Michael Engel:           So we're kind of the glue bringing all of these elements together and bring that to the end consumer because that's the important thing. So how can we get better, more automated processes to a customer because to me it's beyond the traditional view of you have a bank and you have a Fintech, the Fintech as the innovator that shakes things up and let you think to innovate and to thrive. Now some of the technologies that are used in there, like the whole idea of the API economy, blockchain, all of that. These are just enablers, but these enablers go beyond the financial industry per se. It involves us as a consumer. It involves every solution provider or retailer or merchant that's out there because in any transaction we don't think banking. We think buying a car, getting a new house, I'm traveling to book it now. That is what we want to do and if this consumer customer journey, we need to involve a sort of financial transaction, whether that's buying flight ticket or whether it's getting the mortgage for the house.

Michael Engel:           If we bring those elements together through an API economy, that is what really consumers are expecting from us and this is where I also see as the role of the bank being that aggregator, being that glue and as Sdi service provider, we need to provide the frameworks, the components that make that process faster so banks will not start from scratch building that way. So they are looking to guys like us to say, okay, is there something in the box that is open source technology that are prebuilt components that are frameworks, that are tools that are interfaces precertified based on all the government regulations that you have from the world. Services that you can give me to gain more speed to accelerate, to be in the best meaning of the word. More Agile.

Devon Watson:           No, that's very helpful. And I think one of the things that I'm hearing kind of loud and clear, you know, talking to clients, talking to you know, our subject matter experts and thought leaders like yourself is this mind shift from thinking in terms of channel silos to now thinking in terms of more holistic consumer journey and how to enable that end to end and play a larger role in that kind of commerce supply chain if you will. Well this has been a great conversation. I always love learning from, you know, our guys that are out there with the customers on the front lines talking to customers around the world and I think that ability to take knowledge from one place transpose it on a global basis is probably one of the more powerful things that we bring to the market. So like kindle. Thank you very, very much.

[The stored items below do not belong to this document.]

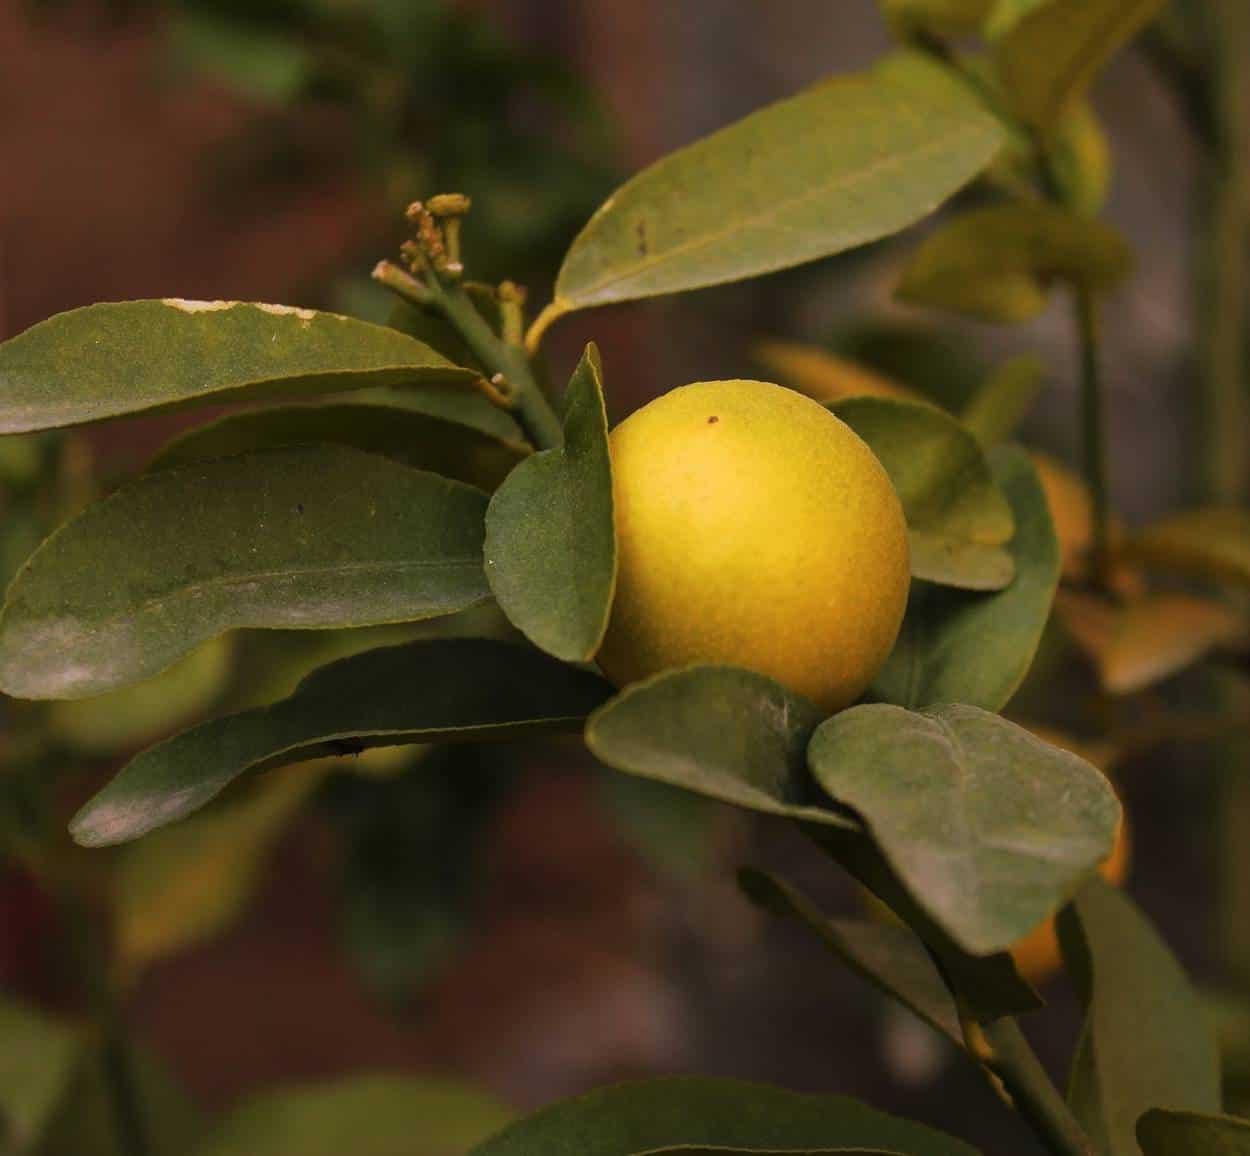 Insetti parassiti del limone: riconoscimento e difesa
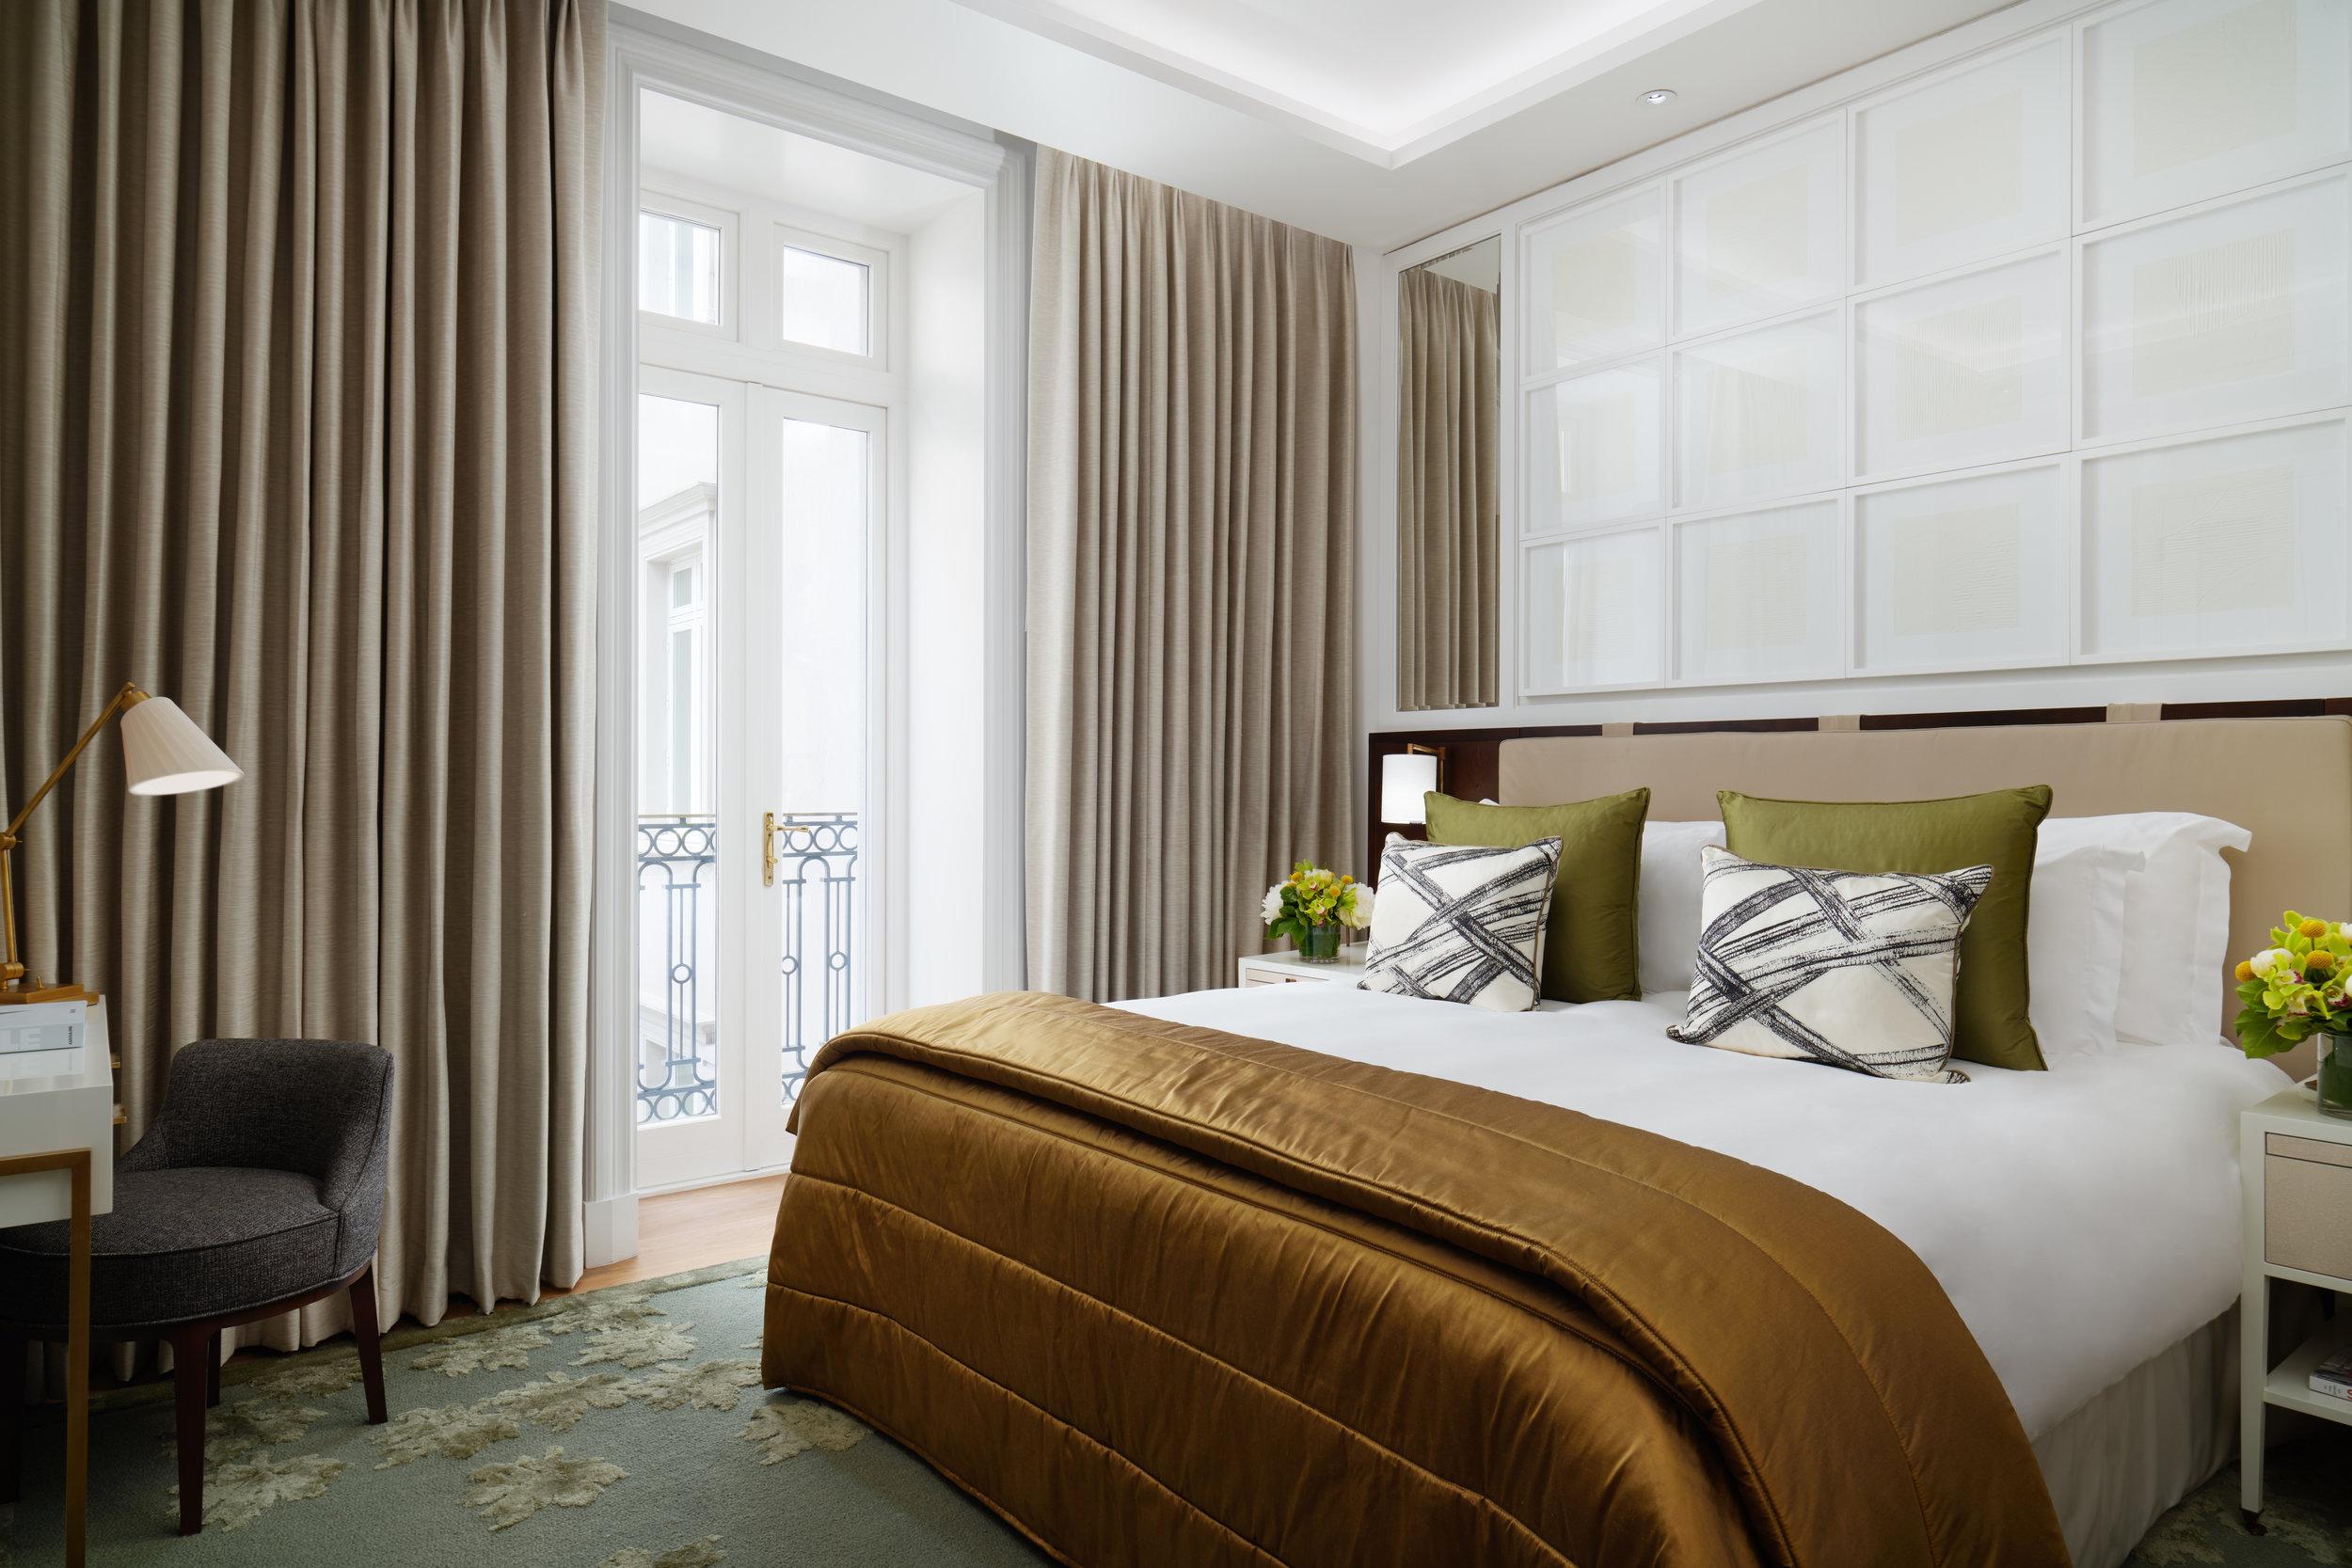 CorinthiaHotel_Garden_Suite_Bedroom_Jack_Hardy_2018.jpg
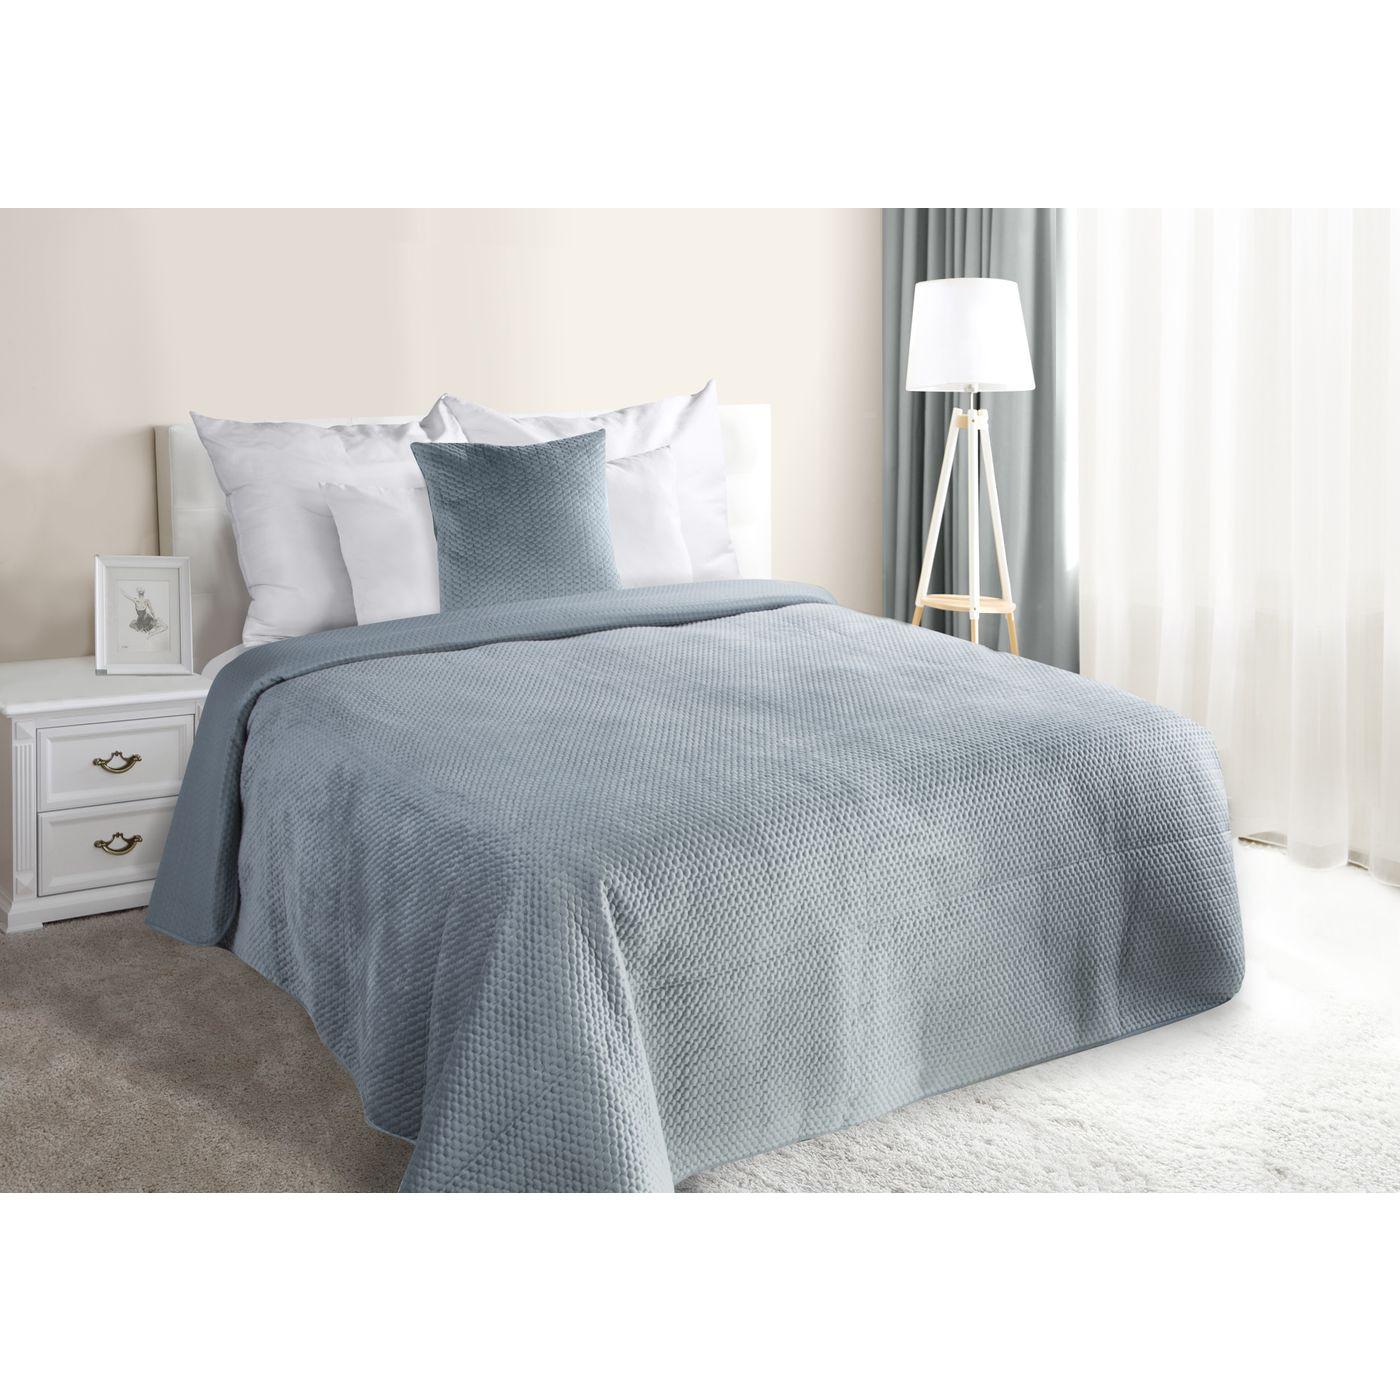 Narzuta na łóżko welwetowa pikowana hotpress 200x220 cm stalowa

Michael Engel:           Maybe one last word on that. I'm traveling around the world has two aspects to it. On the one side, you'll see all the variety and differences in the different geos and is important for us to understand that there is no one size fits all on the one side. However, there are certain similarities and fundamental elements that we need to provide and to really find a balance of how much standardization infrastructure of frameworks that can be reused globally do we need to provide, which is important for r and d organization, but how can we also be very flexible to put in the regional flavors, what is really needed in a certain society, in a given economical environment. I think that is what we've learned out of history that no, there is not a one size fits all, that we drive from the US, from Europe, from wherever into the world is really understanding the local needs while bringing that together in a standardized set of components and frameworks and that is represented in the whole connected commerce idea.

Devon Watson:           Fantastic. No great stuff. Really appreciate the time. This was a fun conversation. I hope. I hope our listeners are learning from these and uh, look forward to seeing you again somewhere else around the world. Thanks.